Chicken liver 'PX' pâté spread on toast

Put the pan back on the high heat and pour in the sherry. The liquid should boil immediately. Remove the pan from the heat and, once the bubbling stops, pour and scrape the reduced sherry into the blender. Add the remaining butter and the cream, then blitz for 3 to 4 minutes until really smooth. Taste and season with salt and a pinch of white pepper.

Pour into a container (Tupperware is fine) and chill in a fridge for 3 hours or more. This will keep for a few days; it will also freeze.

Sticky lamb ribs and green sauce

Like chicken livers, lamb breast is inexpensive but flavourful. The two stages of cooking here ensure a crisp, sticky, caramelised exterior, yet soft, yielding meat within. You'll find the meat to be (deliciously) fatty, so an acidic herby sauce is required to cut through the richness. A crisp salad on the side is good too.

Preparation: 15 mins

Cooking: 2½ hours

Chilling: overnight

Serves 4 as a main, 6-8 as a starter or snack

2 lamb breasts, ribs attached
2 onions, peeled, halved, each half quartered
2 sticks celery, cut into 5cm-length pieces
5 cloves garlic, skin on, cut in half
Peeled zest ½ lemon
2 star anise
3 sprigs rosemary
Salt and pepper
4 tbsp honey

For the green sauce

60g fresh mint leaves
30g parsley leaves
1 tsp Dijon mustard
15g capers
90g olive oil
15g sherry vinegar
30g lemon juice
Pinch salt and pepper

Preheat your oven to 140C.

Trim the lamb breasts to fit your roasting tray by dividing each breast into two broadly rectangular pieces. It should make sense to make a cut just after the last rib bone.

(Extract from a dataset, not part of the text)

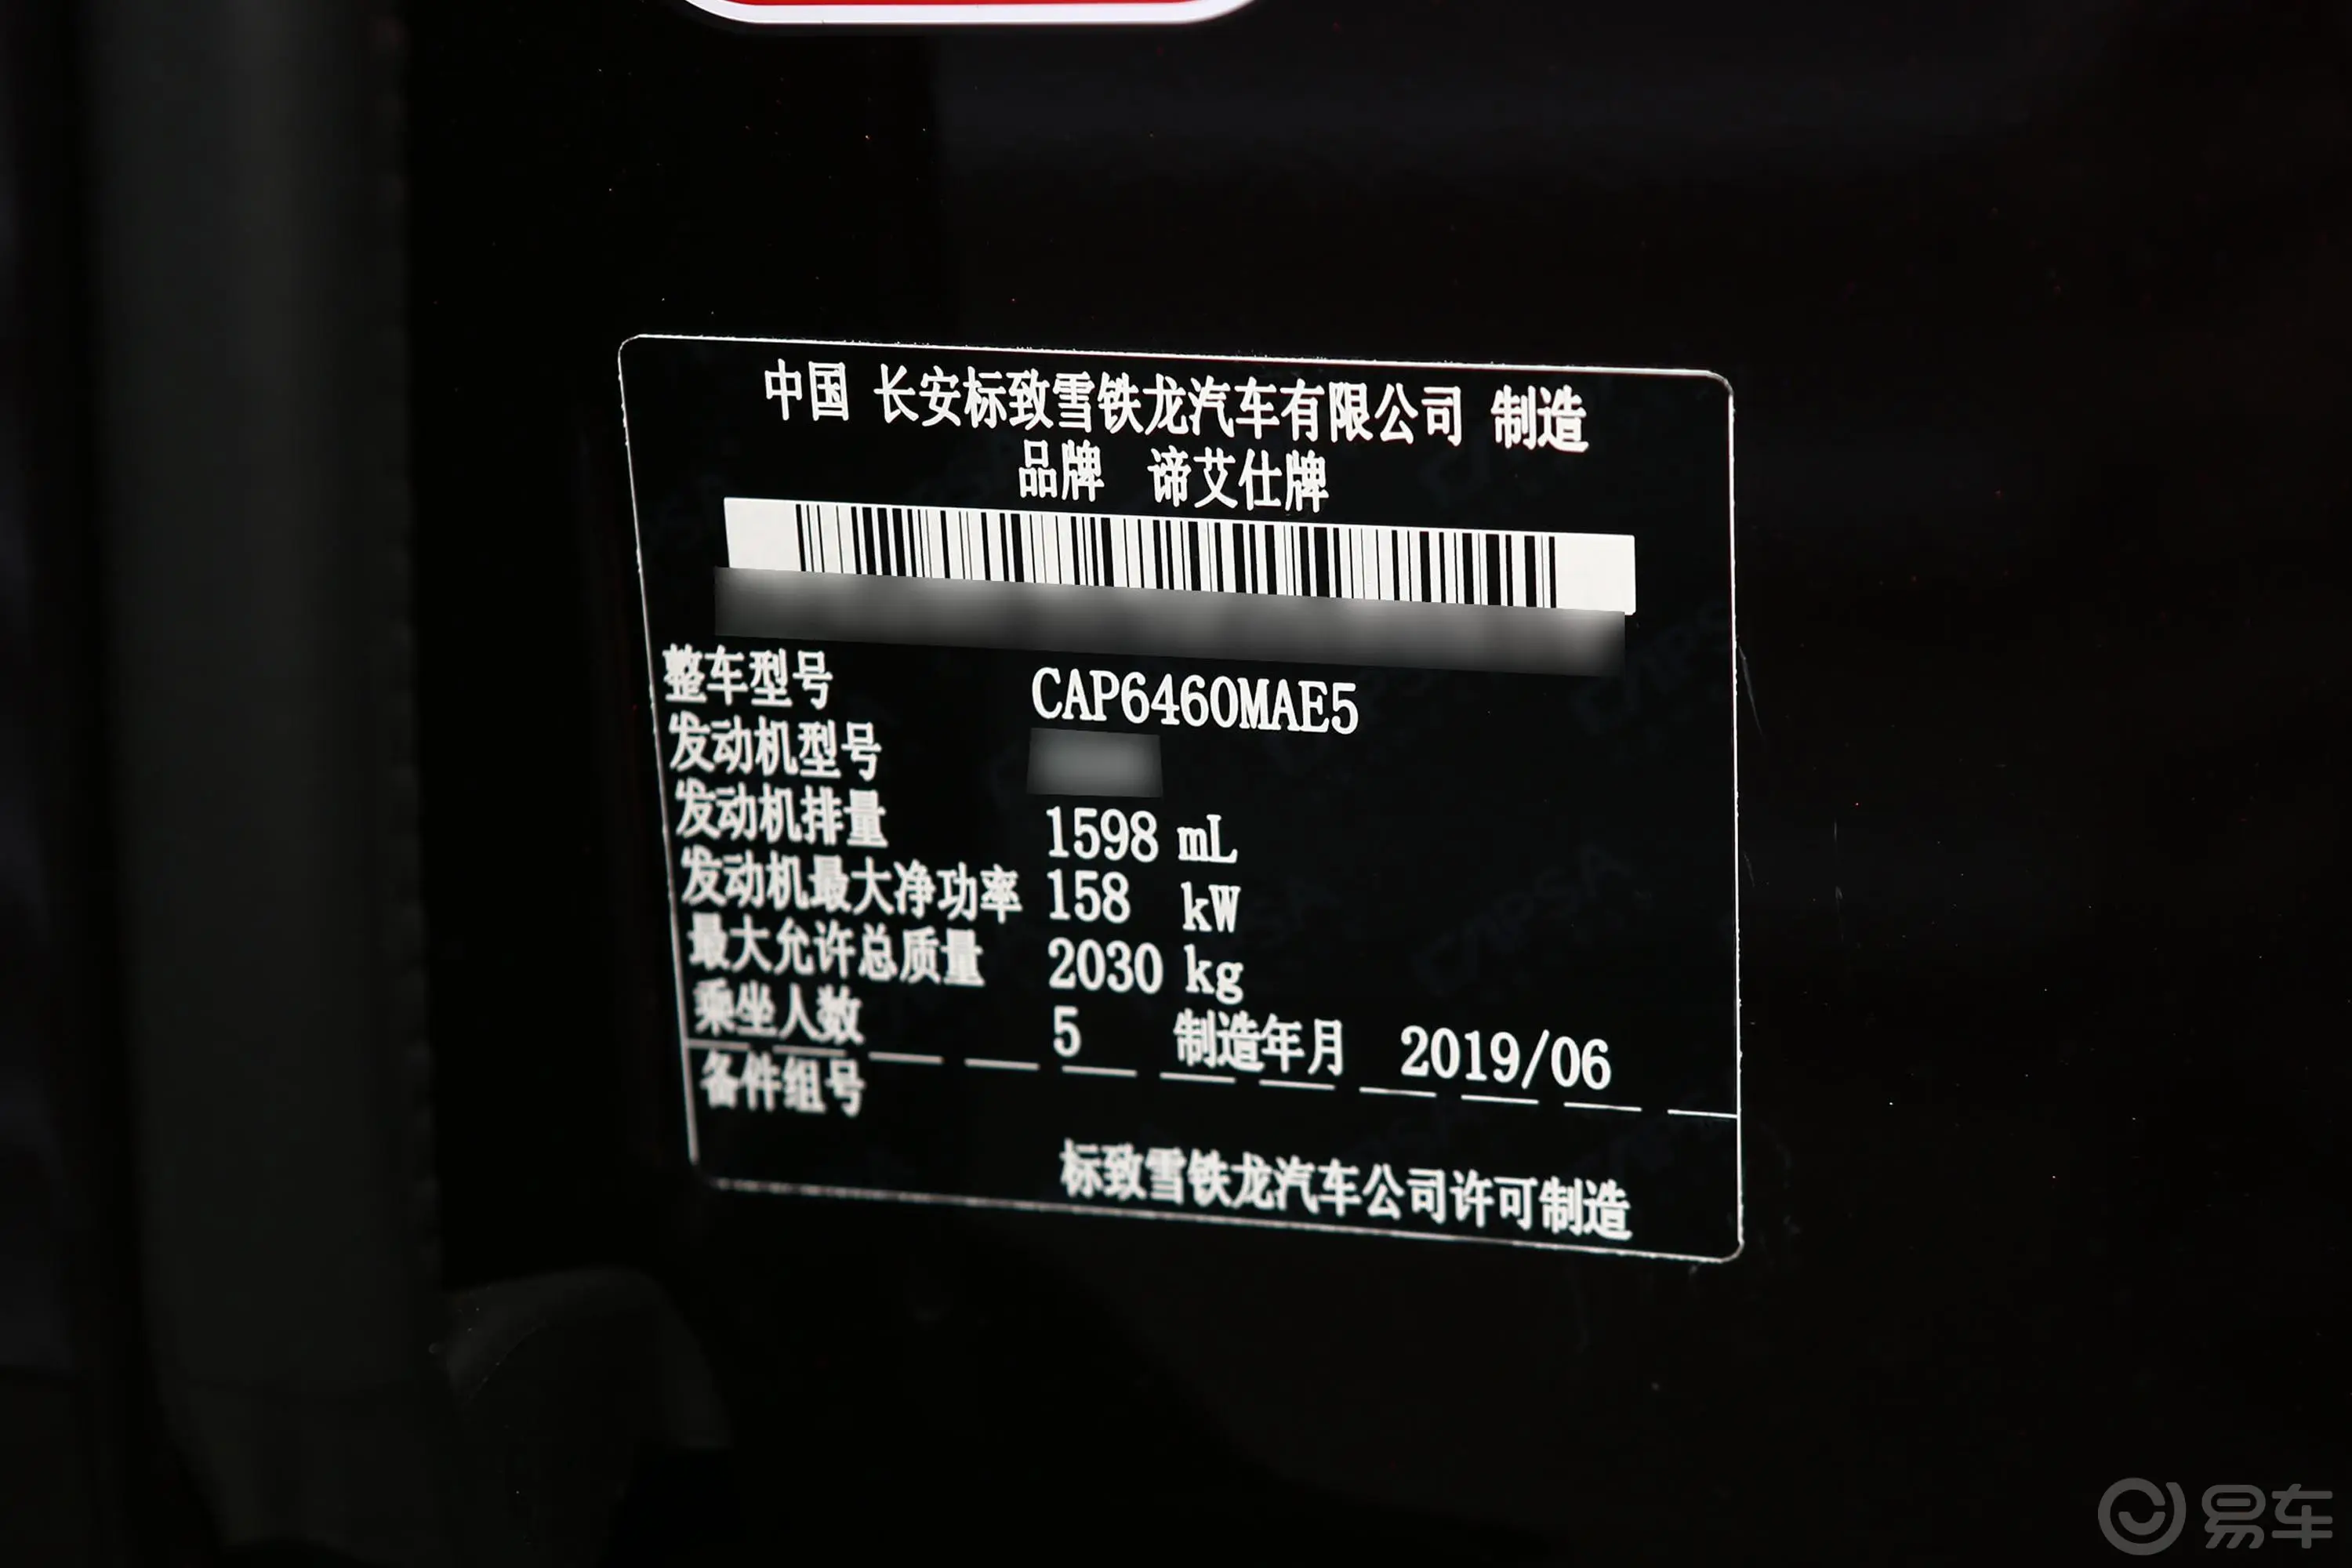 DS 745THP 歌剧院版车辆信息铭牌

Put the onion, celery, garlic, lemon zest, anise and rosemary in a roasting tray. Rub a good grind of salt and pepper into the breast meat. Place on top of the base vegetables, skin- and fat-side up. Fill the tray with cold water to two-thirds up the sides. Wet and crumple a piece of greaseproof paper just bigger than the tray, then lay that over the lamb, tucking the edges in. Then cover the tray and its contents tightly with foil. Bring the water to the boil on a hob, then place in the middle of the oven and braise for 2 hours. Swap the breast pieces around after an hour (if they don't fit in one layer).

After 2 hours, leave to cool with the foil still on for 2 to 3 hours more. Remove the lamb ribs from the liquid (and fat). Cling-wrap and chill in the fridge for 4 hours or overnight.

Sticky lamb ribs and green sauce

Slice the chilled breast between each rib section. You may need to cut through cartilage; use a heavy knife and be confident. Where there is no bone, cut to 3cm- to 4cm-wide strips.

When ready to eat, heat the oven to 210C.

Make the sauce by blitzing all the ingredients in a food processor or blender for 2 to 3 minutes, so it is fairly smooth.

Brush warmed honey over each rib and cook in a shallow tray at the top of the oven for 20 minutes, until the juices and fats are dancing, and the ribs are brown and caramelised. Baste two or three times while cooking using any remaining honey and the juices rendering on the tray.

Quince and coconut

The transformation that occurs when quince is cooked is remarkable – from hard and yellow to soft, pink and perfumed. In some ways it mirrors how hard-working muscles break down and become unctuous over a long, slow cook.

Preparation: 10 mins

Cooking/cooling: 7 hours

Serves 6

800ml water
150g granulated sugar
Juice ½ lemon
2 large quinces (approx 800g)
300ml coconut yoghurt
30g dried coconut flakes

Put the water and sugar in a small pan and bring to the boil, stirring so that the sugar dissolves.

Heat the oven to 120C.

Squeeze the lemon juice into a mixing bowl. Peel, quarter and core the quinces and drop the quarters into the lemon to prevent browning.

Put the peel and cores into the base of a heavy, non-reactive dish (Pyrex or ceramic). Cover with a sheet of greaseproof paper then place the quince quarters on top, ideally so they fit snugly in one layer. Pour in the hot sugar syrup. Tuck the quince under another sheet of greaseproof. Then either put a lid on (if there is one), or cover tightly with foil.

Quince served with coconut yoghurt and a scattering of coconut flakes

Place in the oven for 3½ hours, gently turning the quince and disturbing the peel once or twice over that time to help draw out the rose-pink colour.

Leave to cool for a few more hours, again occasionally turning the fruit and disturbing the peel. The fruit will firm as it cools and your house will smell amazing.

Keep the quince quarters in the fridge, submerged in their poaching liquor. Serve with a good dollop of coconut yoghurt and a scattering of coconut flakes. Use the syrup in gin cocktails.